Vlaams minister van Mobiliteit, Openbare Werken, Havens en Sport
Kruimelpad
Een nieuwe bouwcode voor Antwerpen
Als schepen van Stadsontwikkeling en Ruimtelijke Ordening trok ik de onderhandelingen over een nieuwe bouwcode in Antwerpen. Vrijdag 28 april werd die op een persconferentie voorgesteld. Maar wat betekent nu zo’n nieuwe bouwcode?
Minder regels, meer duidelijkheid
De helft van de bouwkranen staat in Antwerpen en de andere helft is onderweg. Een boutade, inderdaad. Er wordt gebouwd en verbouwd in deze stad dat het een lieve lust is. En dat is een goed teken. Tegelijkertijd gaat al dat bouwen en verbouwen met een enorme hoeveelheid aan steeds complexere regels gepaard. Deze nieuwe bouwcode pakt het anders aan.
We snoeien in de wildgroei aan regeltjes die door de jaren heen is gegroeid. We focussen op hoofdlijnen. Een nieuwe bouwcode met minder regels en meer duidelijkheid en vooral, meer vertrouwen in wie in Antwerpen wil investeren.

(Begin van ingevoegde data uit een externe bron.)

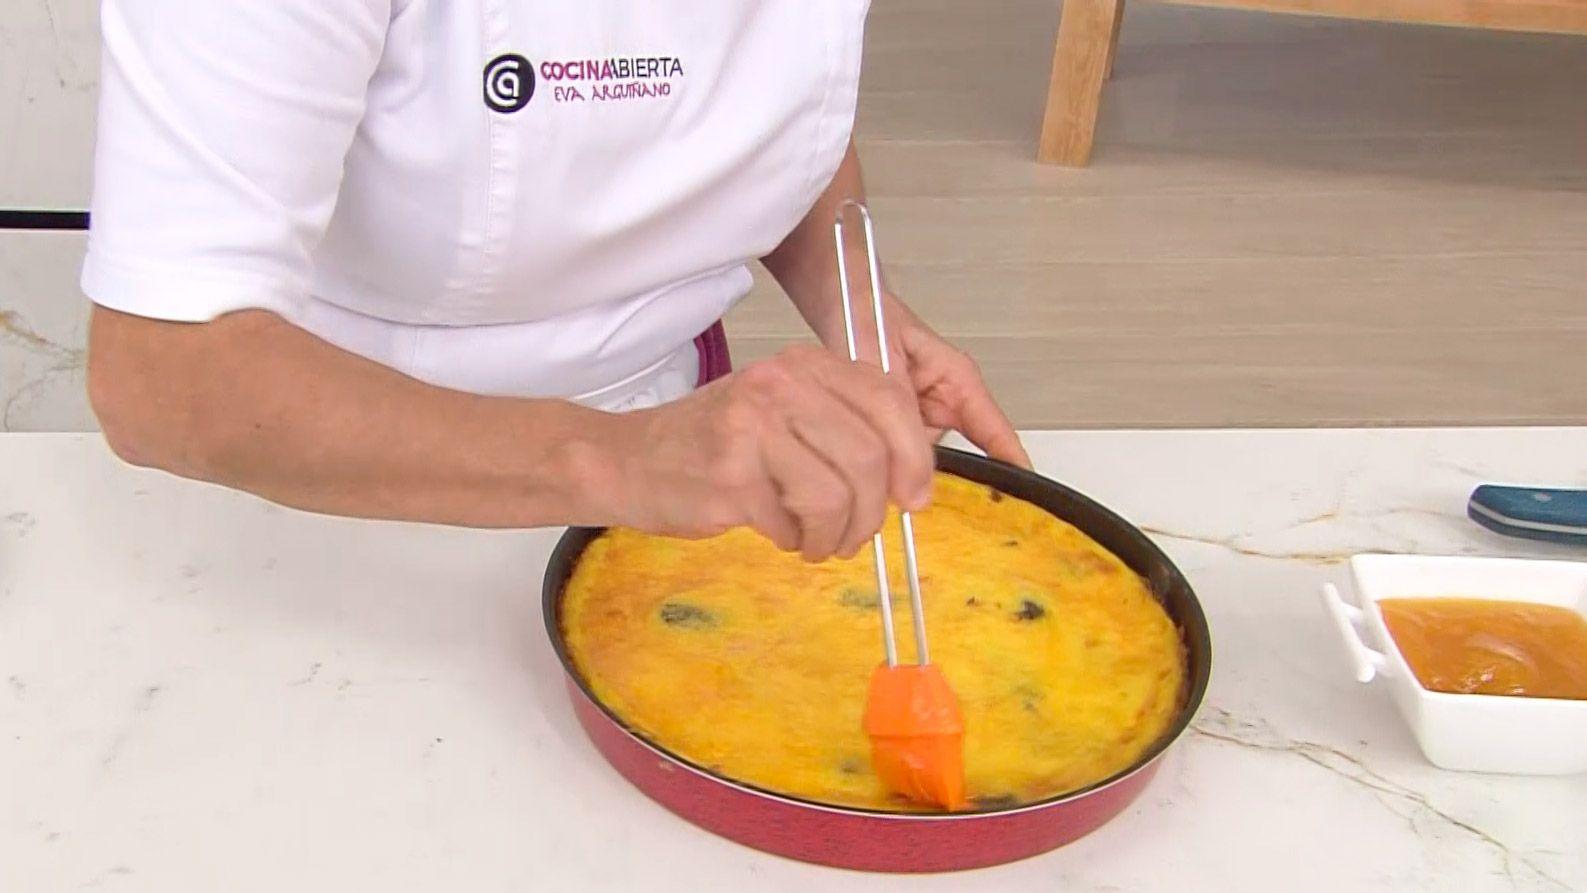 Tarta de ciruelas pasas: un postre fácil al horno de Eva Arguiñano - paso 6

De nieuwe bouwcode heeft ook aandacht voor vergroening en verblauwing. Meer openbaar groen én een slimme omgang met water dus. Daarnaast focust de nieuwe bouwcode op betaalbare woonvormen en formuleerden we technische richtlijnen voor parkeren, duurzame energietechnieken en detailhandel en ruimte voor economie.
Hoe concreet is die bouwcode?
Met het Strategisch Ruimteplan Antwerpen (SRA), kijken we slim ruimtelijk ambitieus naar hoe we de stad de volgende decennia vormgeven. Dat ruimteplan, die visie, is in opmaak. De bouwcode vertaalt die visie verder naar generieke voorschriften voor het grondgebied van de stad Antwerpen.
Een stadsgroenfonds
Waarom is er nu een nieuwe bouwcode nodig? Wel, we verwachten een stevige bevolkingsgroei de komende jaren. Die moet slim opgevangen worden. Liefst doordacht in de hoogte, rond stations en op grote percelen in brede straten bijvoorbeeld. Zo kunnen we “op het maaiveld” meer bomen, park, open ruimte, speelgelegenheid voorzien. In ruil voor de bijkomende verdichting zet de stad in op ontharding en vergroening.
Hoger kunnen bouwen heeft natuurlijk wel een impact op de waarde van een perceel. Bouwheren leveren hiervoor een faire bijdrage aan een nieuw stadsgroenfonds. Dit stadsgroenfonds zal dan samen met overheidsmiddelen ingezet worden voor ontharding, aankoop van groenzones en bijkomende vergroening. Dat deden we als stadsbestuur deze legislatuur bijvoorbeeld met de aankoop van het Ferrarisbos in Wilrijk.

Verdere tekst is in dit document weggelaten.